“Dan orang-orang (Anshar) yang telah menempati kota Madinah dan telah beriman sebelum (kedatangan) mereka (Muhajirin), mereka mencintai orang yang berhijrah ke tempat mereka. Dan mereka tidak menaruh keinginan dalam hati mereka terhadap apa yang diberikan kepada mereka (Muhajirin), dan mereka mengutamakan (Muhajirin), atas dirinya sendiri, meskipun mereka juga memerlukan. Dan siapa yang dijaga dirinya dari kekikiran, maka mereka itulah orang-orang yang beruntung.”
Alangkah luar biasa dahsyatnya cinta yang dibuktikan oleh kaum Anshar terhadap kaum Muhajirin. Mereka ikhlas mempersembahkan apapun yang dimiliki demi keselamatan saudara seiman dari Mekah tersebut. Pantaslah Al-Qur’an mencantumkan ayat khusus yang memberi sanjungan atas cinta yang berlandaskan keimanan.
M. Quraish Shihab dalam Tafsir Al-Mishbah menyebutkan:
Thabathaba’i memahami kalimat tabawwa’ud daar yang artinya, “yang telah menempati kota (Madinah),” dalam arti membangun kota Madinah serta mewujudkan satu masyarakat agamis yang menjadi tempat pemukiman orang-orang mukmin.
Lebih lanjut Quraish Shihab menerangkan, penyambutan kaum Anshar (penduduk Madinah) dan kecintaan mereka kepada Muhajirin sedemikian besar sampai-sampai ada di antara mereka yang bersedia membagi hartanya kepada yang berhijrah itu, atau memberi makan yang disiapkan untuk anak-anaknya demi menjamu Muhajirin yang membutuhkan pangan.
Kisah antara Muhajirin dan Anshar dapat disebut sebagai kisah cinta suci. Cinta yang berlandaskan keimanan kepada Tuhan. Cinta sejati yang penuh pengorbanan. Kaum Anshar menyambut Muhajirin dari Mekah dengan sepenuh cinta, menyediakan segala yang terbaik dari yang dimilikinya, meskipun kaum Anshar itu berada dalam kesusahan.

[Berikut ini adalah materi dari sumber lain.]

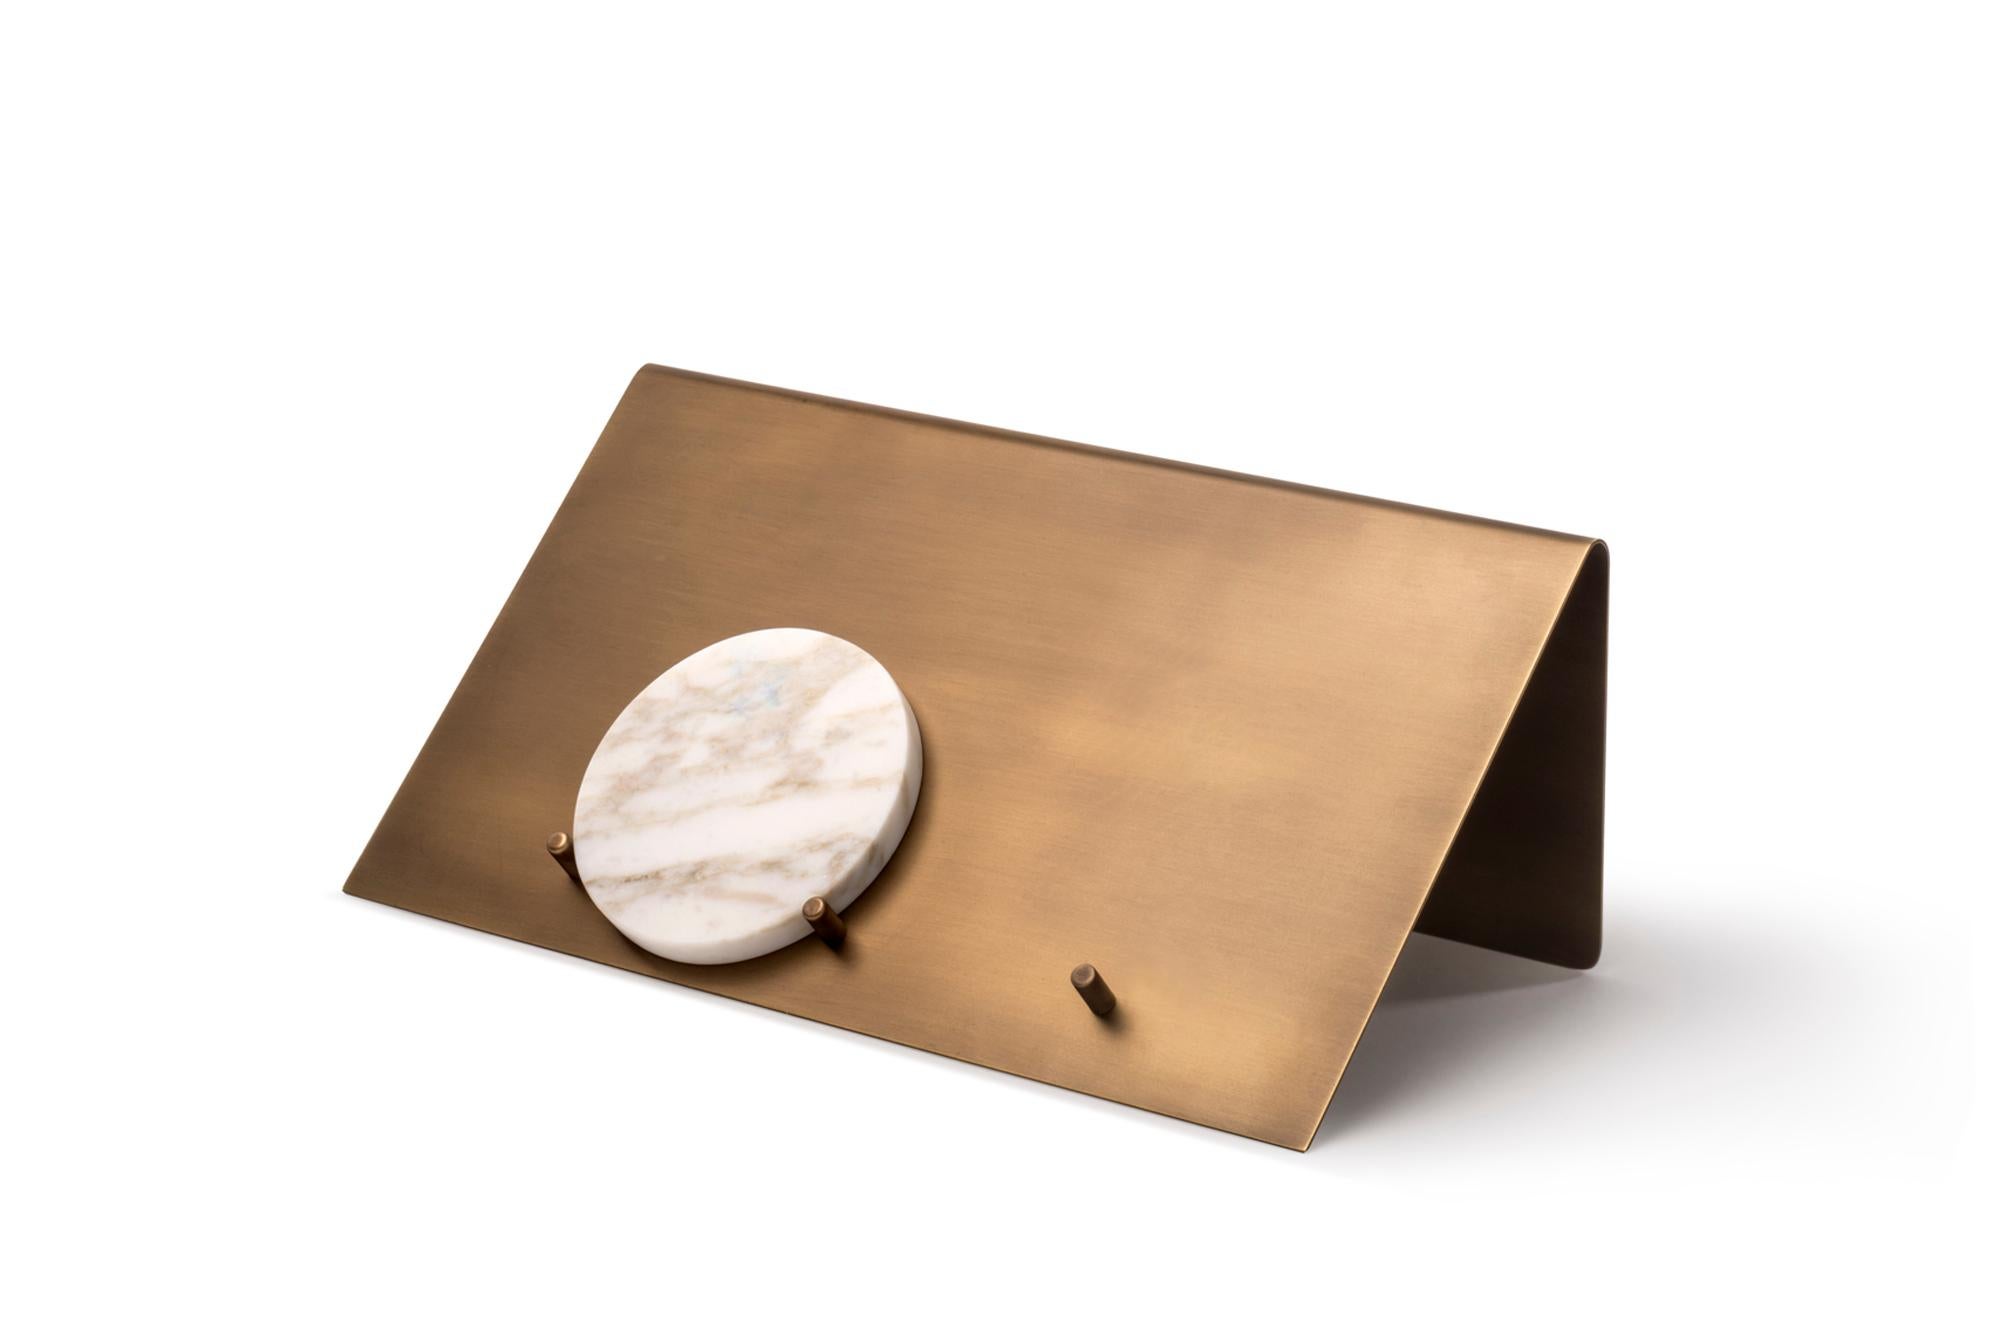 Salvatori Balancing Letter Holder in Calacatta Vagli & Brass by Studiocharlie For Sale

Dari itu pula bermunculan berbagai kisah menakjubkan perihal Muhajirin dan Anshar ini.
Begitulah peradaban Islam dibangun dengan cinta, yang membuatnya tetap digdaya hingga akhir masa. Tidak terjadi konflik antara pendatang dengan pribumi sebagaimana marak di masa sekarang ini, sebab Rasulullah menyadari apabila pembangunan manusianya sudah berhasil niscaya mudah membangun aspek lainnya.
Masih berkaitan dengan pembangunan sumber daya manusia adalah dengan mengutamakan pembangunan masjid, yang bukan sekadar tempat ibadah tetapi juga menjadi pusat peradaban.
Masjid itu dibangun secara gotong-royong penuh keikhlasan. Rasul pun turut mengaduk bahan bangunan maupun membawa bebatuan bersama dengan kaum Muhajirin dan kaum Anshar. Pembangunan Masjid Nabawi sangatlah penting sebagai pusat perjuangan Islam dengan lebih dulu membangun sumber daya manusianya.